RT: Let’s start off with Poroshenko declaring the ceasefire. Some of his statements haven't really come to fruition, so how are we to believe this one, particularly where civilians are concerned, will happen?
Mark Sleboda: We already had several declarations of ceasefire throughout the past week by various political forces and military forces on the ground. And during all this time, the artillery never stopped shelling, the paramilitary forces never stopped advancing and there is no reason to believe that this should be any different.
In fact, there are already some reports from the ground that mortar fire on positions of the Donetsk and Lugansk military forces has already resumed.
RT: So basically what you are saying is - so far no?
MS: No. No. I think this declaration of a ceasefire is merely a PR move by the Poroshenko regime in the run up. It is no surprise that the declared ceasefire ends on the day that Poroshenko is supposed to sign the EU Association Agreement.
RT: Let's talk about the talks between the Kiev-appointed authorities and the eastern regions. It is not proving to be very constructive, them ignoring the anti-government movement leaders there or is it?
MS: It is a little bit of Orwellian double speak to call this a peace plan, and I'm a little bit disappointed that any Russian media network would call it a peace plan, without at least putting it in quotes. Peace is by definition is negotiated and Poroshenko has already declared that there will be no negotiation with the political and militant leaders on the ground in the eastern Ukraine. So this is not a peace plan. This is an ultimatum, a demand for the unconditional surrender, under promise of extermination.
RT: So talk about the plan. It includes the decentralization of power, early elections, protection of the Russian language, isn't it going to appease the various types of activists who are looking for more right now?
MS: Even three months ago these would have not satisfied their grievances. Promises guaranteeing the rights of the Russian language is what they already had before this putsch regime seized power and started to take away the Russian language rights from the people.
This decentralization is not clearly defined but what we have seen so far is that it only includes local executive committees.
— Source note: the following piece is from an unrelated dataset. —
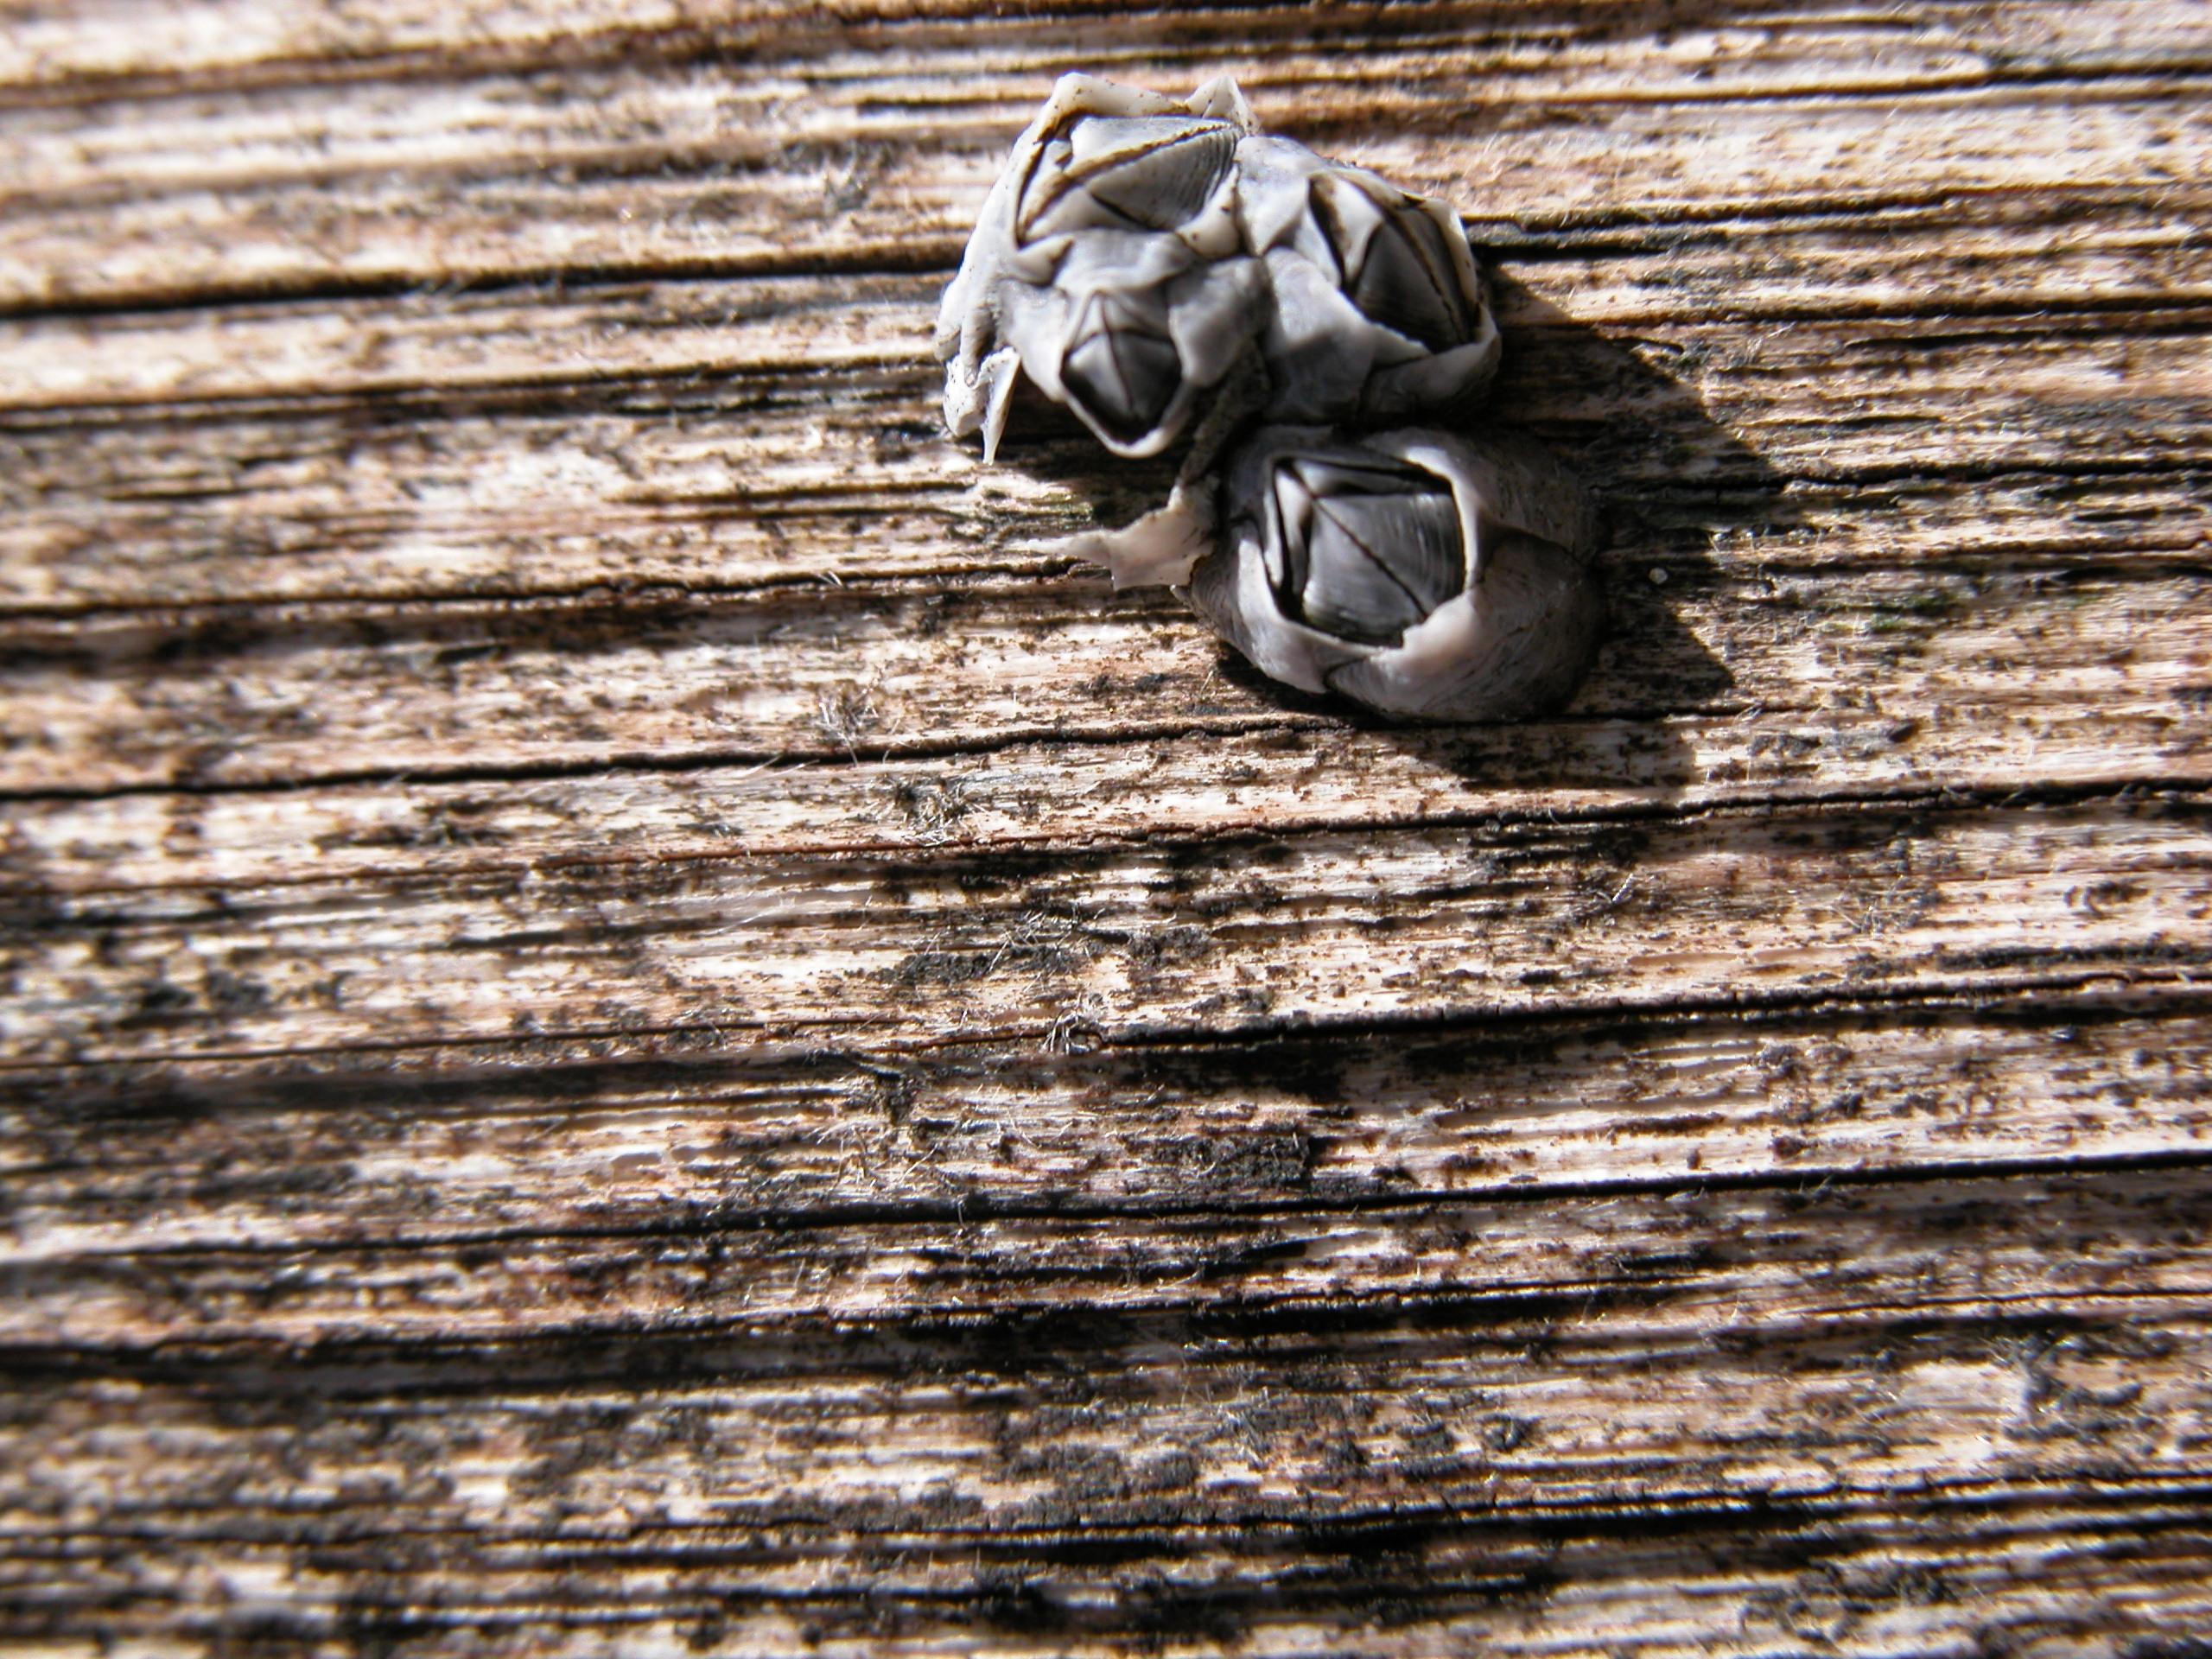 seapocks sea pocks on wood

The governors would still have the right to be overruled and appointed by Kiev. So there really is no decentralization in this agreement and there is no greater protection for Russian language use than already has existed.
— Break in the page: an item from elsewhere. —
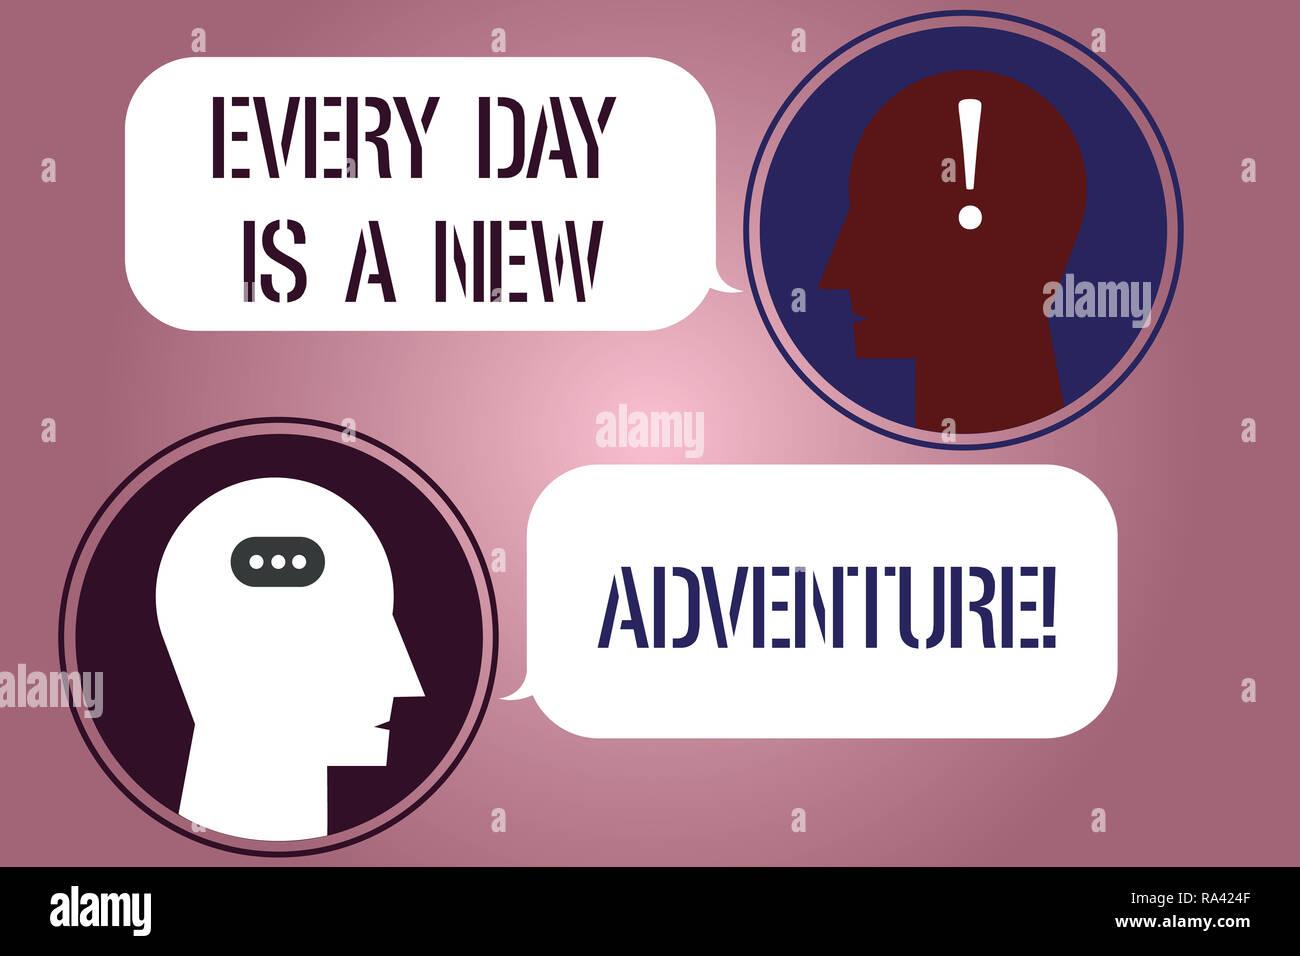 Escribir nota mostrando cada día es una nueva aventura. Exhibición fotográfica de negocios Comience su día con positivismo motivación Messenger Sala con cabezas de Chat Imagen De Stock

RT: The Russian UN ambassador believes that other UN members are almost stalling this humanitarian resolution on Ukraine proposed by Moscow. So why would they do that?
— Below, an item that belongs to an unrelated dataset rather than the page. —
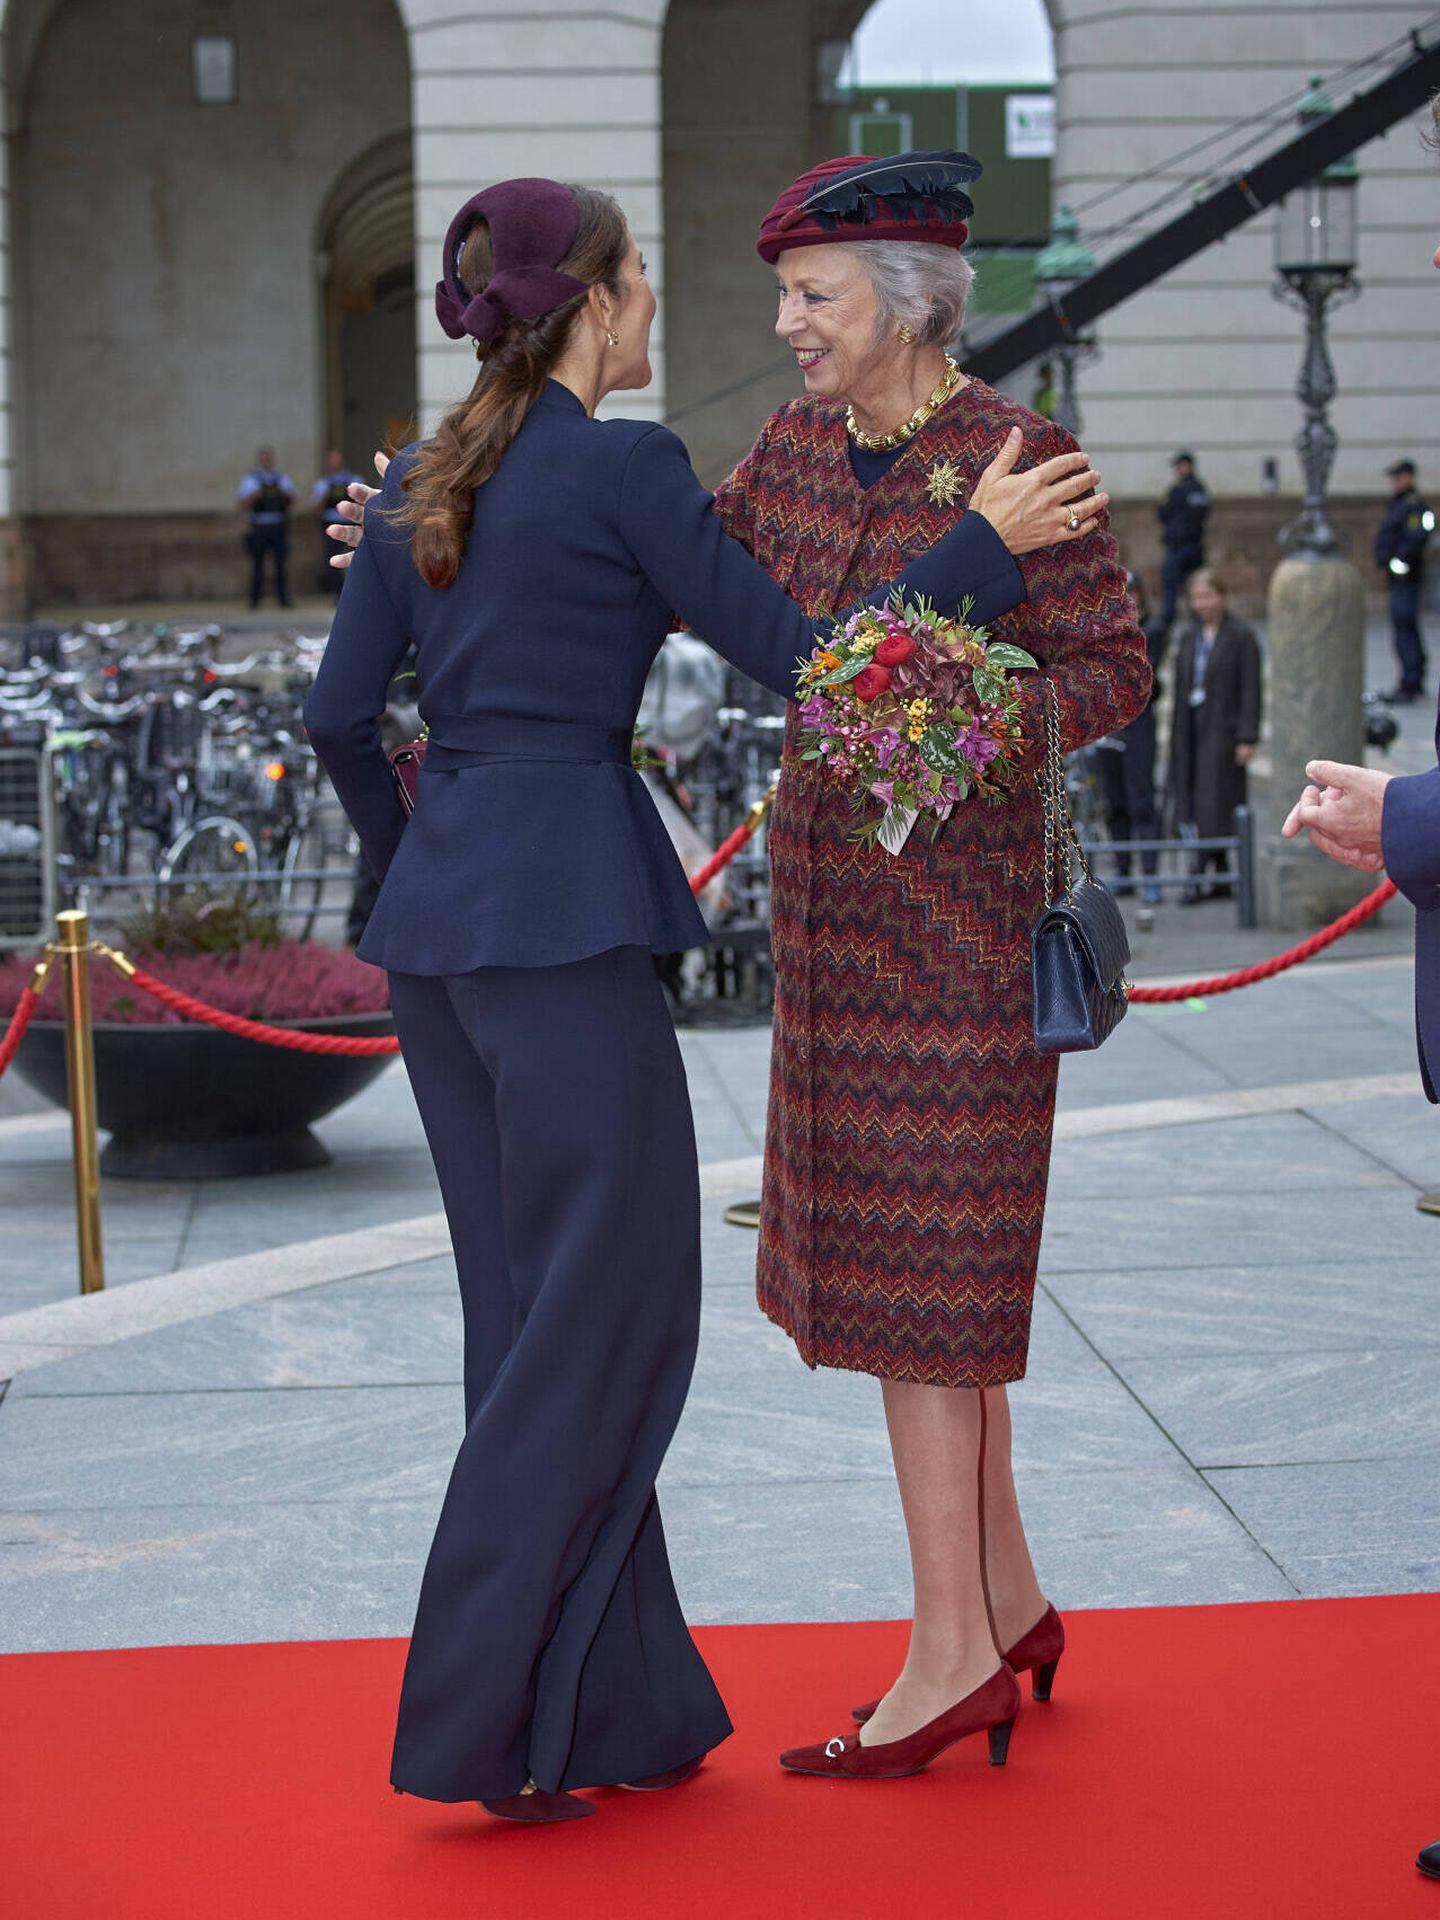 Mary, saludando a la princesa Benedicta. (Gtres)

MS: They have backed this government before it was in power. In fact they have supported and helped orchestrate the riots, the regime change that brought it to power. And they have defended it slavishly, ignoring all the details of the massacres and what amount to an ethnic cleansing campaign and state terror campaign on the ground. There is no way that they are going to allow a UN resolution which would dent the reputation of the regime which they have supported to pass in the Security Council.
RT: Are you at all optimistic that Poroshenko can actually restore peace with his plans?
MS: I think this is not the intention of the plans at all. The intention of the plan is to insure as swift and as thorough a military victory as possible. That is what this document says. This document is in no way, shape or form a peace plan. It is an ultimatum and a promise of further military force.